Lebih lanjut, secara khusus Prof Atip berharap dan mendorong para alumni pesantren PERSIS dan HIMA, khususnya yang sedang studi S-2, untuk dapat mempersiapkan diri supaya berkuliah S-3 di Luar Negeri.
“Politik Islam itu absen dalam tradisi hukum karena pernah loss of power cukup lama. Masa depan itu milik anda, jadi kuliahlah S-3 di luar negeri supaya anda bisa bergaul, memiliki keilmuan yang kuat, kemampuan bahasa, untuk come to the power.” Tandasnya.
Himpunan Mahasiswa Pascasarjana Persis (HMPP) berdiri pada tahun 2019 di Yogyakarta, yang di inisiasi oleh tujuh mahasiswa alumni Pondok Pesantren PERSIS dan HIMA Persis.

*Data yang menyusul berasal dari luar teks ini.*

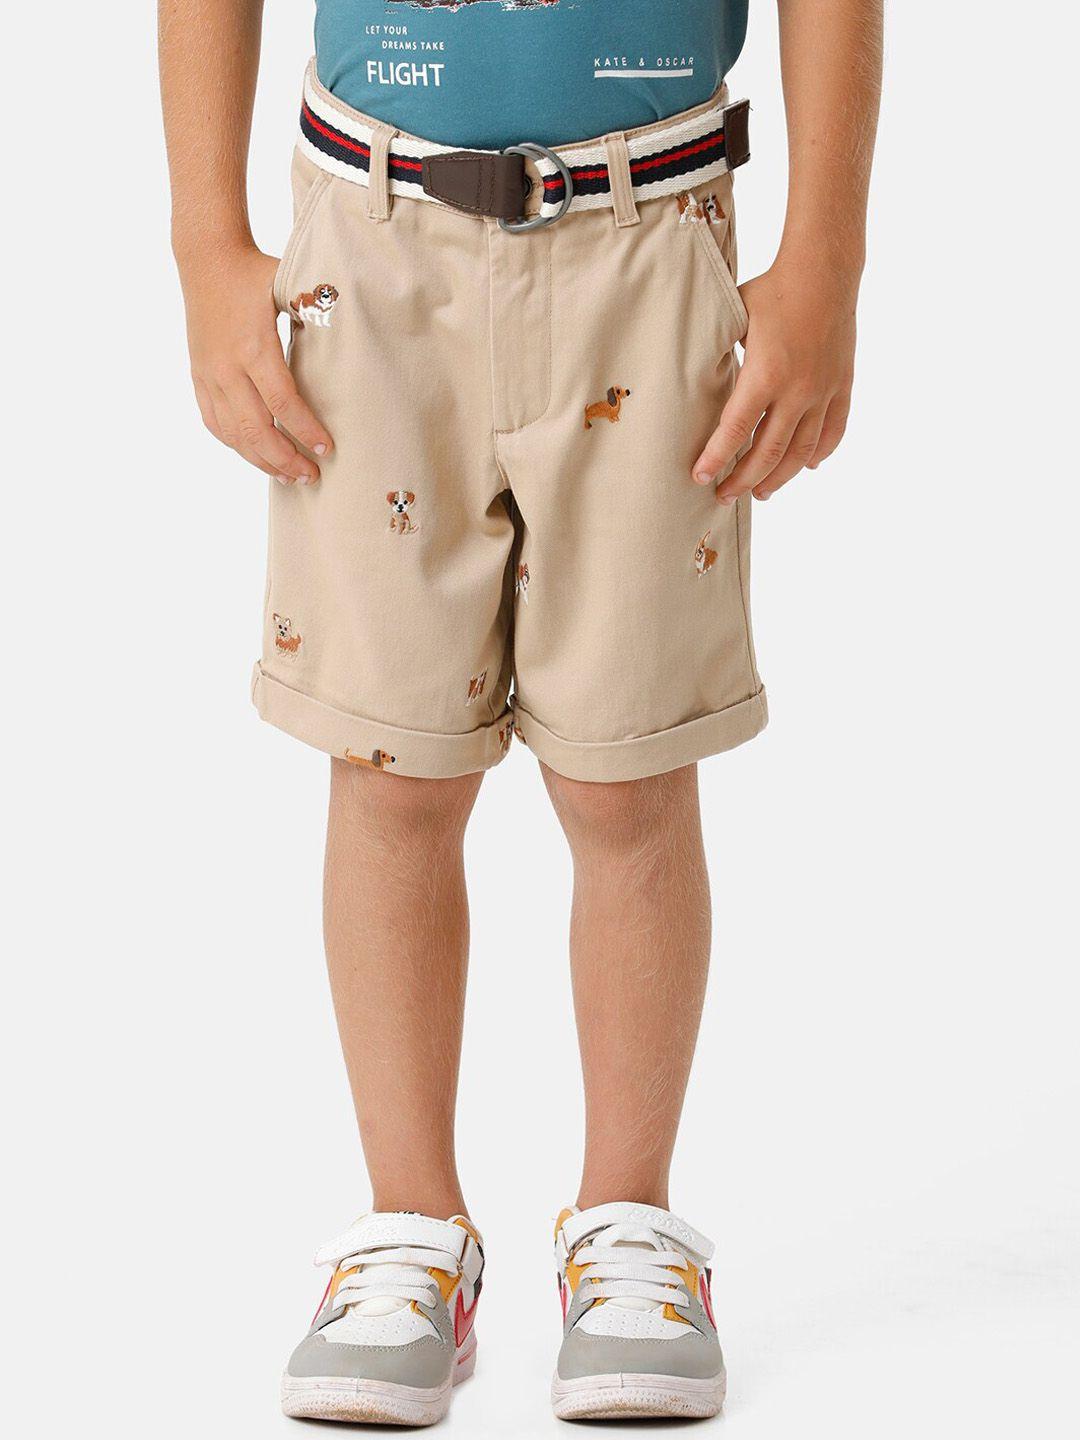 kate & oscar boys conversational printed regular cotton shorts

Di antaranya Rizal Faturohman, Imam Sofyan Abbas, Atrop Asparinal, Irfan Aulia, Daniel.
HMPP lahir dengan tujuan untuk Peer-sharing & learning research project anggota HMPP dengan discussants sesama teman pascasarjana. Selain itu, juga membangun network and mentoring seperti persiapan S-3, review proposal S-3, portfolio, motivation letter, serta research collaboration seperti publikasi di jurnal ilmiah bersama.
Saat ini sudah ada dua puluh mahasiswa Pascasarjana yang bergabung. Dalam rentan waktu satu tahun anggota HMPP sudah meneribitkan 7 artikel di Jurnal Ilmiah SINTA 2, SINTA 3, dan Book Chapter.

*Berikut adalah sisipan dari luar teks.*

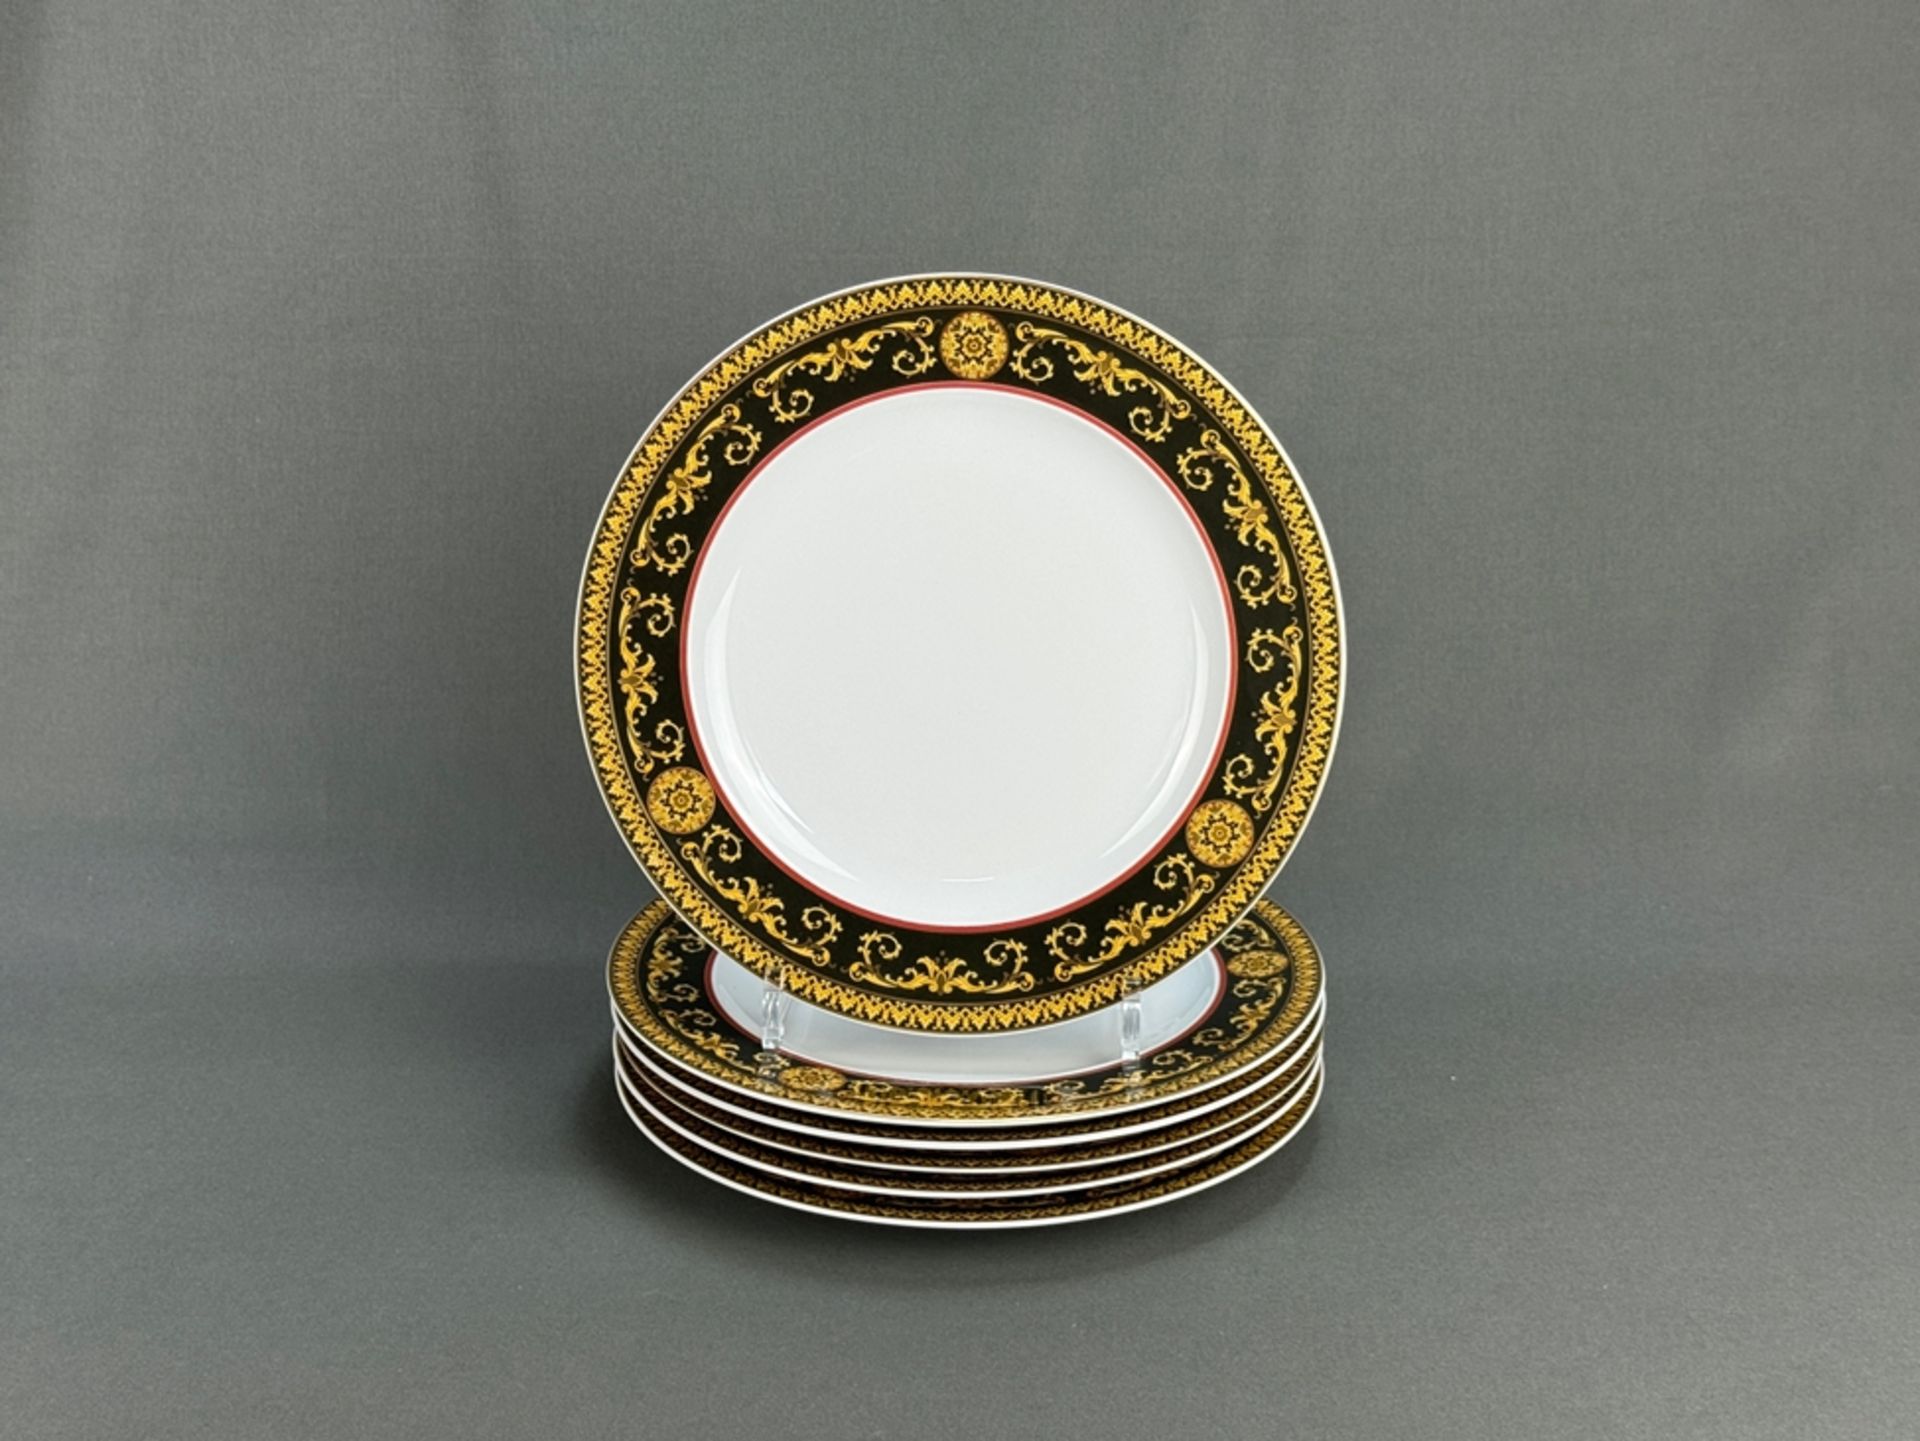 Six dinner plates, Rosenthal, Versace design, Medusa decor, black/gold base mark, border with baroq

“Target kita, tahun depan sudah ada dari kita yang bisa publish di jurnal ter-index Scopus, insyallah. Jangka panjangnya, kami ingin dengan networking seperti ini setelah selesai S2 itu bisa mendapatkan kerja, misal jadi dosen atau peneliti, lalu bisa S-3 ke Luar Negeri, dan tentunya tetap memiliki hubungan dengan PERSIS.” Ujar Rizal Fathurmah, ketua HMPP.